CirurgiaPé e Tornozelo

Prótese de Tornozelo: Quando é Indicada?

Entenda as indicações da prótese de tornozelo, como é feita a cirurgia, tempo de recuperação, riscos e resultados esperados.

Nem todo desgaste no tornozelo exige cirurgia, mas casos graves podem evoluir com dor persistente, rigidez e redução importante dos movimentos.

Quando há indicação, a prótese de tornozelo permite substituir partes danificadas da articulação por implantes desenvolvidos para favorecer o movimento entre a tíbia e o tálus.

A cirurgia não é a primeira opção. Fisioterapia, adaptação das atividades, medicamentos e órteses podem ser usados antes.

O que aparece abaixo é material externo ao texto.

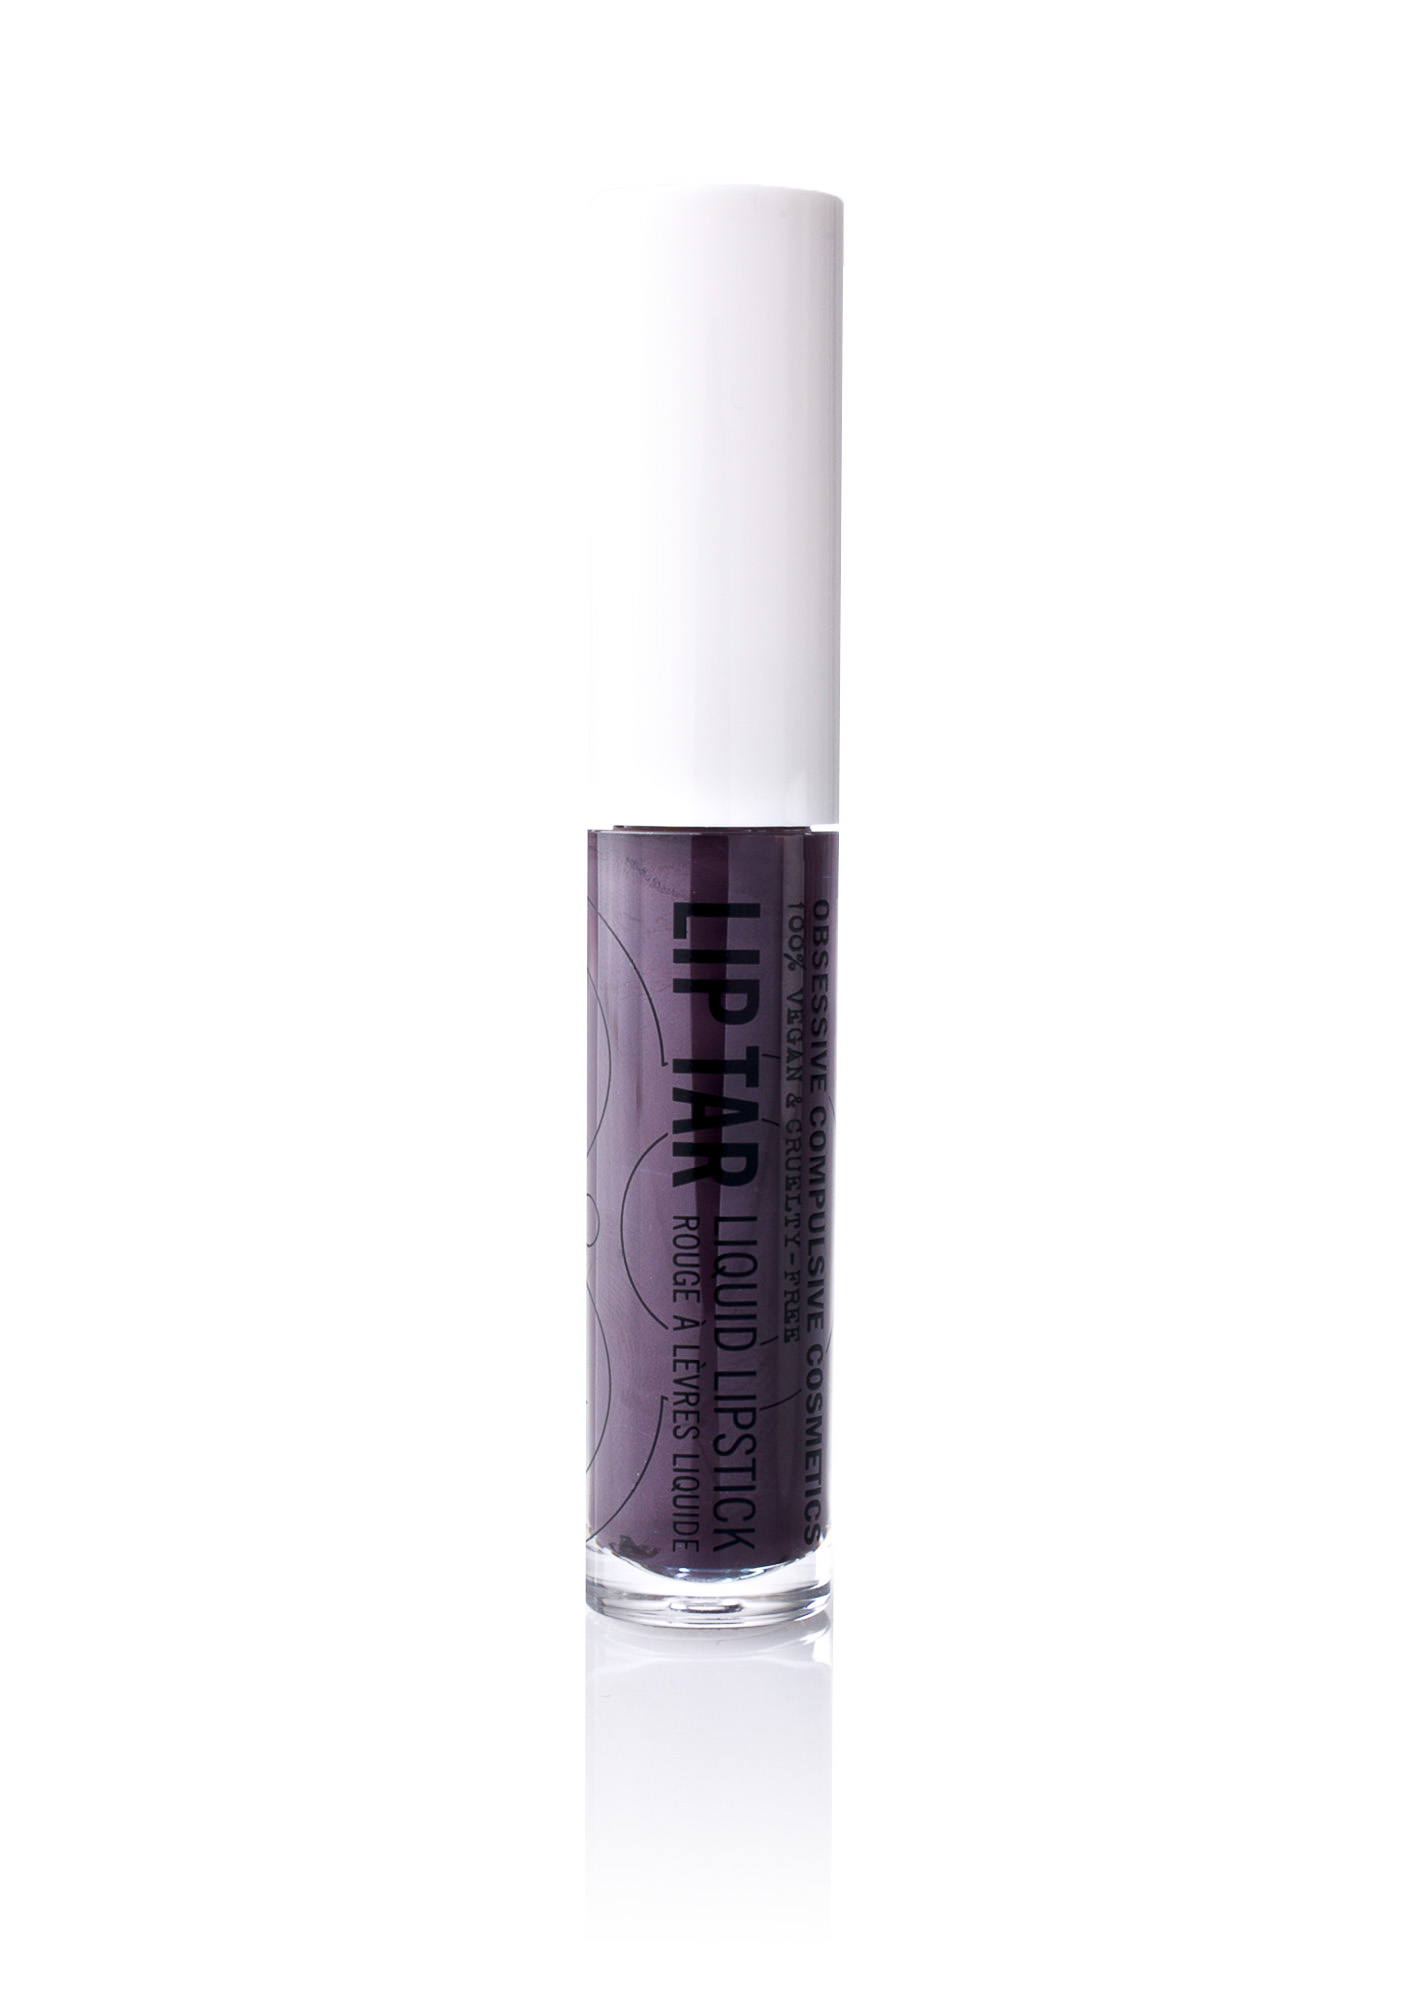 Obsessive Compulsive Cosmetics Stud Lip Tar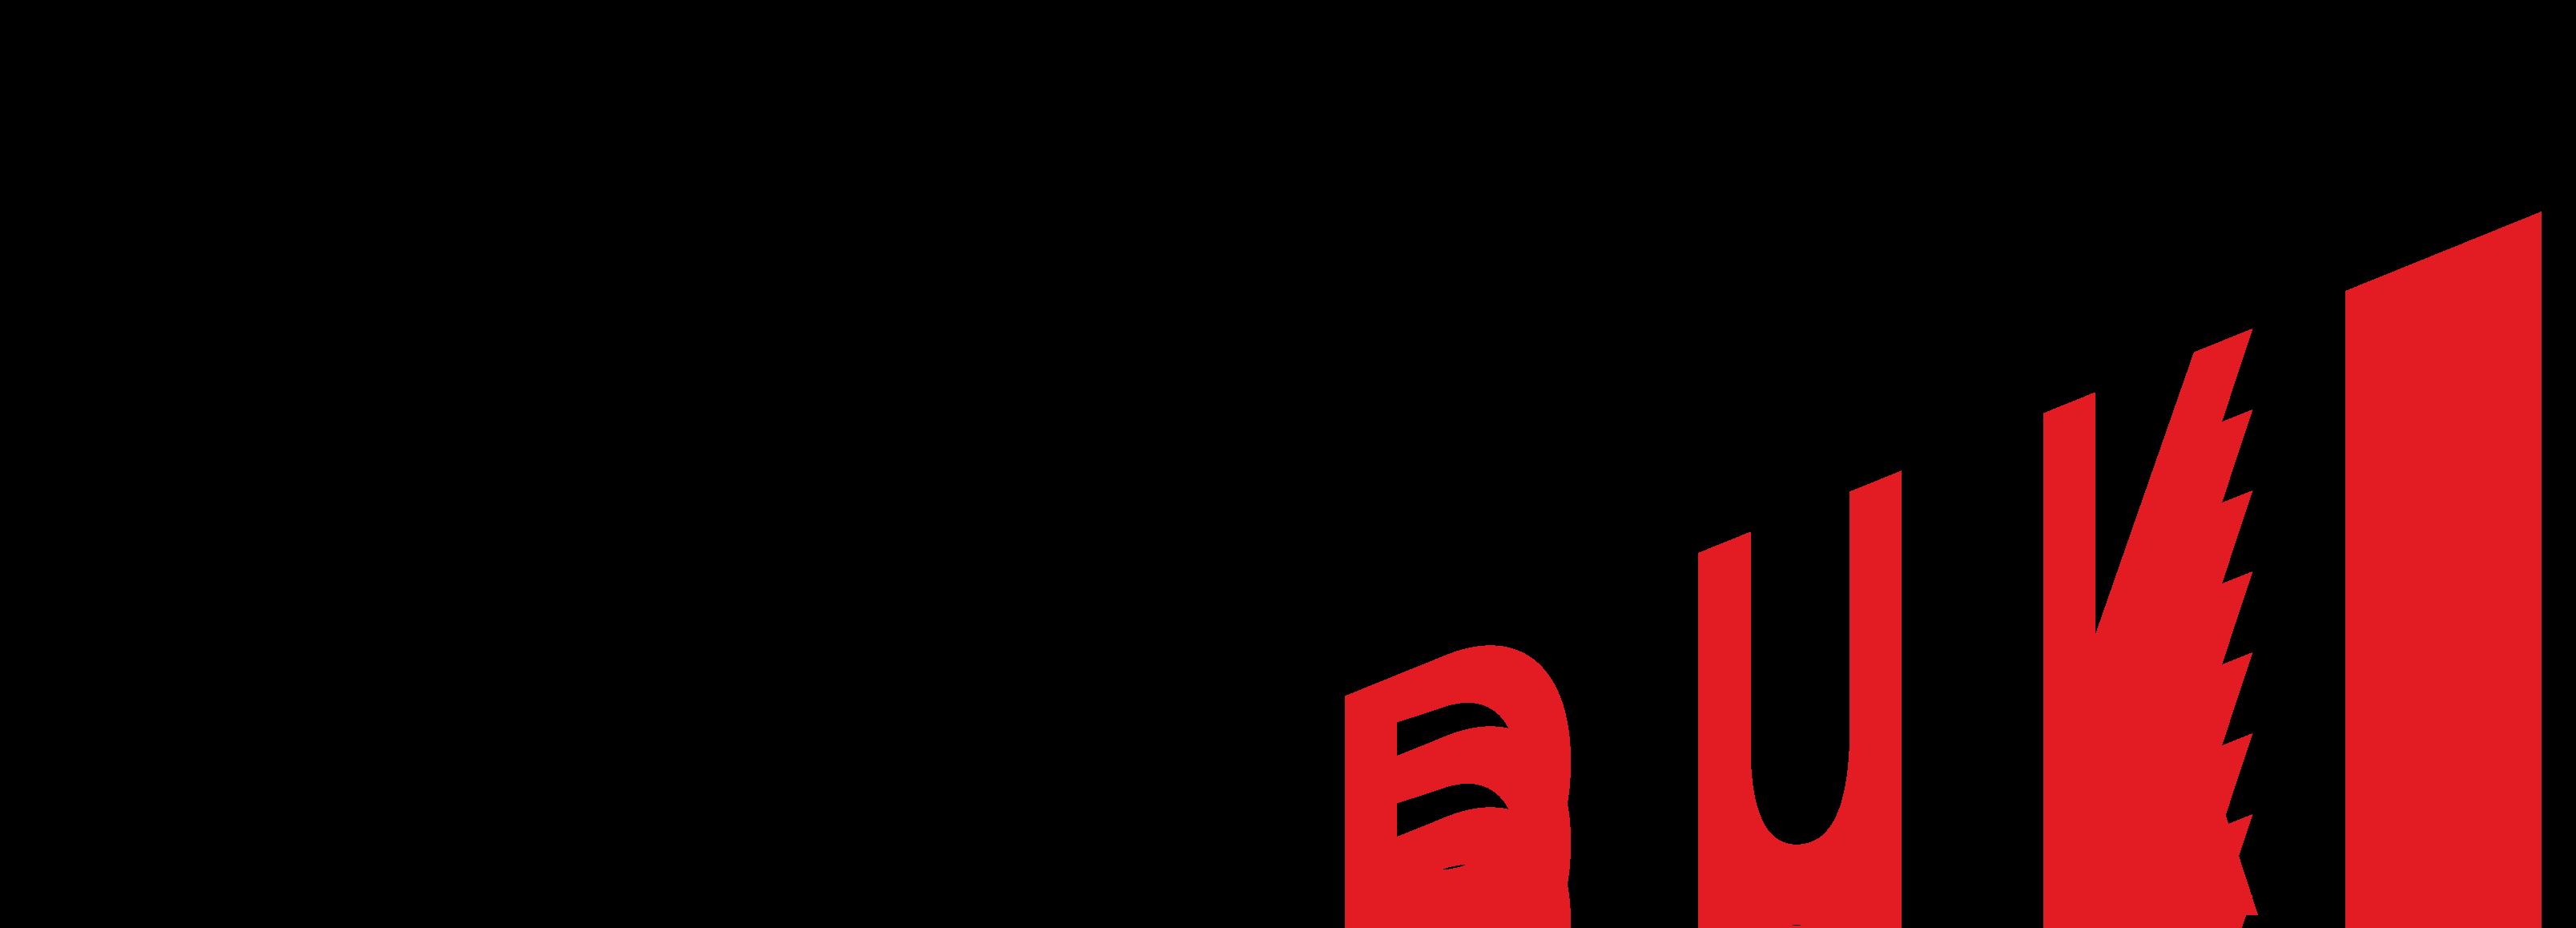 logo gecon budownictwo

Quando essas medidas deixam de controlar os sintomas, a substituição articular pode entrar na discussão.

O que é a prótese de tornozelo?

O tornozelo é formado pelo encontro da tíbia, fíbula e tálus. Suas superfícies são revestidas por cartilagem, que reduz o atrito.

Com a artrose avançada, essa cartilagem se deteriora e o movimento pode se tornar doloroso. Na artroplastia, o cirurgião prepara áreas da tíbia e do tálus para receber componentes protéticos metálicos combinados com uma superfície plástica.

A intenção é reduzir a dor e preservar parte do movimento do tornozelo. Esse é um dos pontos que diferenciam a prótese da artrodese, cirurgia que elimina o movimento da articulação ao promover a fusão dos ossos.

Quando a prótese é indicada?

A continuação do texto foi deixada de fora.